Dataset records:

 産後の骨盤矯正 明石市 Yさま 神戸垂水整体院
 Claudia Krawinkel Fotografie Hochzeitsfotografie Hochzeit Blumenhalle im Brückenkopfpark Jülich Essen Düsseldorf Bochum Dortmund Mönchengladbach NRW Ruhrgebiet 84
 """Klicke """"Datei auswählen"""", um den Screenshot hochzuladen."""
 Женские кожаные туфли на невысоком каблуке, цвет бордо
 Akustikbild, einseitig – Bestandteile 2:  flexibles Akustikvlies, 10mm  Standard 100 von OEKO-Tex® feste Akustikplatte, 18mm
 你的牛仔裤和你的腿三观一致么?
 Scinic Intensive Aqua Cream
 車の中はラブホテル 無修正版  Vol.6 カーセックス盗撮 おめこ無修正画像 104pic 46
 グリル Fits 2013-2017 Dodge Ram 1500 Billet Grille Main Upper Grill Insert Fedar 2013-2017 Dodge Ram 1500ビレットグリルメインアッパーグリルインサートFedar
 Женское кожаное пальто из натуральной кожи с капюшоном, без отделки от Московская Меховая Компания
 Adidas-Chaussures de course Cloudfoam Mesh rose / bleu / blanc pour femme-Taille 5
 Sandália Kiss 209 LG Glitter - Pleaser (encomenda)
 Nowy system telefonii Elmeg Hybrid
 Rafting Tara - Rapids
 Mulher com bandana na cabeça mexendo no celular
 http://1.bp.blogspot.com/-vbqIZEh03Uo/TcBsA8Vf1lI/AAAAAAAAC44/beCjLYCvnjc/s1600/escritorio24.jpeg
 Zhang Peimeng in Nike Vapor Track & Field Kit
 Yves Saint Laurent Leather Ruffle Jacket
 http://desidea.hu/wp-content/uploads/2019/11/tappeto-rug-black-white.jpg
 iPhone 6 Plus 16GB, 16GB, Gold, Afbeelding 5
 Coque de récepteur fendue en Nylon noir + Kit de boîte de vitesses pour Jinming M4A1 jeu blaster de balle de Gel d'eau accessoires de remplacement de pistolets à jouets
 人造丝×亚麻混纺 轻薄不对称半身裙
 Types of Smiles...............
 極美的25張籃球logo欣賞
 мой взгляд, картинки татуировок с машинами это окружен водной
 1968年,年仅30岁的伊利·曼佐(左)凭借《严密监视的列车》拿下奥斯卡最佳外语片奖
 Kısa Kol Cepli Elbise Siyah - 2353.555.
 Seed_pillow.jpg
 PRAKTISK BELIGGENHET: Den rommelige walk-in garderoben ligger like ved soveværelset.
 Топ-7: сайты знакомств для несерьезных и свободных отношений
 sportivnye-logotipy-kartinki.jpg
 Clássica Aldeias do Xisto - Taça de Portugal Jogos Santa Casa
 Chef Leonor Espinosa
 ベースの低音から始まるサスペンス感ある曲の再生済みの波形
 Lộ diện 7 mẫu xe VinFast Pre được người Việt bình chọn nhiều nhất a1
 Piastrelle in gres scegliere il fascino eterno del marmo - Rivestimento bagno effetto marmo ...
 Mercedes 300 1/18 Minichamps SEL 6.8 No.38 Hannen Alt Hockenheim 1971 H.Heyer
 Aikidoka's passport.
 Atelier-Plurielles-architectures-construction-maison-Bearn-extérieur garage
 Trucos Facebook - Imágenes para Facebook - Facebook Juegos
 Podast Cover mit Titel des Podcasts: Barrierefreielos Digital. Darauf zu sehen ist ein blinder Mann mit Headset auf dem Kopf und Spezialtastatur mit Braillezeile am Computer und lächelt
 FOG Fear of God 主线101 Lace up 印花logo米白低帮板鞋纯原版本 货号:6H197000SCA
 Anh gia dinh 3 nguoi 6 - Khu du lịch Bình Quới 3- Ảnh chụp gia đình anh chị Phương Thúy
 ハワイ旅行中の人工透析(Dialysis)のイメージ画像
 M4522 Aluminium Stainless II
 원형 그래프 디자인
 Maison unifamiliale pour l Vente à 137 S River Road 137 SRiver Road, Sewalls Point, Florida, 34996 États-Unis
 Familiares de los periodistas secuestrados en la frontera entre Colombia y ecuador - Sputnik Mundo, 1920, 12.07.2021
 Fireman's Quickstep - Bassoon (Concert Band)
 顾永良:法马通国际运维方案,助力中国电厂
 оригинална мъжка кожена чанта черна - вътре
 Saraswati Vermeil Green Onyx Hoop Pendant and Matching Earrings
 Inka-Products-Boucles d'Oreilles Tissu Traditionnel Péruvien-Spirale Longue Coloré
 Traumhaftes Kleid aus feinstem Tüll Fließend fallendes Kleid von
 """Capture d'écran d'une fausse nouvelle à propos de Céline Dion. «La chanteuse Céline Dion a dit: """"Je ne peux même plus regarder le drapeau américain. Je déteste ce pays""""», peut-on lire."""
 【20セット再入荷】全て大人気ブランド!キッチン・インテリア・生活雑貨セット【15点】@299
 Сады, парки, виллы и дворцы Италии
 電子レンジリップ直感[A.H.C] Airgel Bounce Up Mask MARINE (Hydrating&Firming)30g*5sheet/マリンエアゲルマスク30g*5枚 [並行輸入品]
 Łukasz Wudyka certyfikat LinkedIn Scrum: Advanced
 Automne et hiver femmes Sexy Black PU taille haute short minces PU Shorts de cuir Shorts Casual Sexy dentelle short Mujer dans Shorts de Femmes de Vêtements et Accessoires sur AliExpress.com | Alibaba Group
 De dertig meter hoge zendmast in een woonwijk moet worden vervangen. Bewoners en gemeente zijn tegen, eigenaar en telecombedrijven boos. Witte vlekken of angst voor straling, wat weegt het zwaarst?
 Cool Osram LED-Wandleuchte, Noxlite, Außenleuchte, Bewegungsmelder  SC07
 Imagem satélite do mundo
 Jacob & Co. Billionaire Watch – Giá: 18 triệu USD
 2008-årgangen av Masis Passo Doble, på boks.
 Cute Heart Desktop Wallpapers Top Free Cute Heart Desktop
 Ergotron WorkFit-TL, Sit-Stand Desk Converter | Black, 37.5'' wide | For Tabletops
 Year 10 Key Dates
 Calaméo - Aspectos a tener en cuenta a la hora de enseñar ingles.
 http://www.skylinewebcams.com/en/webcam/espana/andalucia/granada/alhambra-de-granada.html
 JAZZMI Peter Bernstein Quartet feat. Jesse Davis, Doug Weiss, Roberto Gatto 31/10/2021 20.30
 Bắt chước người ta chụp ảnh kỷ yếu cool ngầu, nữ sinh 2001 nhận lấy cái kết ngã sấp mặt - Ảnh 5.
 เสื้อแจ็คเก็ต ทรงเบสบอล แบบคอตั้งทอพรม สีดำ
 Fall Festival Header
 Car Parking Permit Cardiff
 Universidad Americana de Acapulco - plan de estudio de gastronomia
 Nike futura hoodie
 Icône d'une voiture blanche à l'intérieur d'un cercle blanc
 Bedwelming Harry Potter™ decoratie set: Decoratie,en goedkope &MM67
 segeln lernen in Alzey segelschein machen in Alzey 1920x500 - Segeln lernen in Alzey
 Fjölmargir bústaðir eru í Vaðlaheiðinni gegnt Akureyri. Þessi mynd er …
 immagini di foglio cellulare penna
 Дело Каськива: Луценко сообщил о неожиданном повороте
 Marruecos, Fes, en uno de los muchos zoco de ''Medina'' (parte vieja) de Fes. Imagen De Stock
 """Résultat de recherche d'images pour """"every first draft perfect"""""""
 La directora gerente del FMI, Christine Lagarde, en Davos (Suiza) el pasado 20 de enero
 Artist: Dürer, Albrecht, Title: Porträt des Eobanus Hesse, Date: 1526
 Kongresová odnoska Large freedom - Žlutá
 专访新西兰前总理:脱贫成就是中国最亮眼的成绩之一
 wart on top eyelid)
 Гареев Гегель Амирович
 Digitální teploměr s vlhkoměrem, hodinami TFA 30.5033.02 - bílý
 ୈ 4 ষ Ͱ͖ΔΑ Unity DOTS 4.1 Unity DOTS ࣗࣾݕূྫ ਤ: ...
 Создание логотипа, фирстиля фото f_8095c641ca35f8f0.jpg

== Problem details ==
Copy exactly the lines from the top of the entries through the line with "おめこ無修正画像 104pic 46" in it, please, keeping both ends and adding nothing.

== Solution for this task ==
 産後の骨盤矯正 明石市 Yさま 神戸垂水整体院
 Claudia Krawinkel Fotografie Hochzeitsfotografie Hochzeit Blumenhalle im Brückenkopfpark Jülich Essen Düsseldorf Bochum Dortmund Mönchengladbach NRW Ruhrgebiet 84
 """Klicke """"Datei auswählen"""", um den Screenshot hochzuladen."""
 Женские кожаные туфли на невысоком каблуке, цвет бордо
 Akustikbild, einseitig – Bestandteile 2:  flexibles Akustikvlies, 10mm  Standard 100 von OEKO-Tex® feste Akustikplatte, 18mm
 你的牛仔裤和你的腿三观一致么?
 Scinic Intensive Aqua Cream
 車の中はラブホテル 無修正版  Vol.6 カーセックス盗撮 おめこ無修正画像 104pic 46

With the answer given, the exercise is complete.